• _Problem_: Gather from the material every line that contains the string "after".

....

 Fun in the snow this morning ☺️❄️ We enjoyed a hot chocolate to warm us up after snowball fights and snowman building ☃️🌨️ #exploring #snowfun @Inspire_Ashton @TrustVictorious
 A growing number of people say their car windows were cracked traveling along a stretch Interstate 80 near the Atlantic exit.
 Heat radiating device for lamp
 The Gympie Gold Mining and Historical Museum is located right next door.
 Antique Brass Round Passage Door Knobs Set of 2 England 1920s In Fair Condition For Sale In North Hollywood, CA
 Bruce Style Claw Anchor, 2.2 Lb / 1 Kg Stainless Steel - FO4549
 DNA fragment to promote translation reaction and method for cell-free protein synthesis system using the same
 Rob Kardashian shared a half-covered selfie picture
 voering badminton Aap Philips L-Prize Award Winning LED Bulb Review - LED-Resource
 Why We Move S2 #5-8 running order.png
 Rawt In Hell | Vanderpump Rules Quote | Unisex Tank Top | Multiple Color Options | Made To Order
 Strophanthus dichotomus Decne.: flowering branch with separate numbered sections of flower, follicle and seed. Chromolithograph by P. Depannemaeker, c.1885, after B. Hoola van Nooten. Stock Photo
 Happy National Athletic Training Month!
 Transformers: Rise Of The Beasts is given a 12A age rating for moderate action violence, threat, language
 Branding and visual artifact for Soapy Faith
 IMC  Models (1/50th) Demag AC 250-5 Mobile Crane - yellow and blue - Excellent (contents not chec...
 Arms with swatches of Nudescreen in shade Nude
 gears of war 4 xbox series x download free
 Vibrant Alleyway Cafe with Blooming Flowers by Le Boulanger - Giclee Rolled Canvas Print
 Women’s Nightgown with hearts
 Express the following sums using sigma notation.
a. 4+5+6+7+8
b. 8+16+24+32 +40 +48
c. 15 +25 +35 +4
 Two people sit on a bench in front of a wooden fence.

....

• _Completed task_:
 Fun in the snow this morning ☺️❄️ We enjoyed a hot chocolate to warm us up after snowball fights and snowman building ☃️🌨️ #exploring #snowfun @Inspire_Ashton @TrustVictorious
 Strophanthus dichotomus Decne.: flowering branch with separate numbered sections of flower, follicle and seed. Chromolithograph by P. Depannemaeker, c.1885, after B. Hoola van Nooten. Stock Photo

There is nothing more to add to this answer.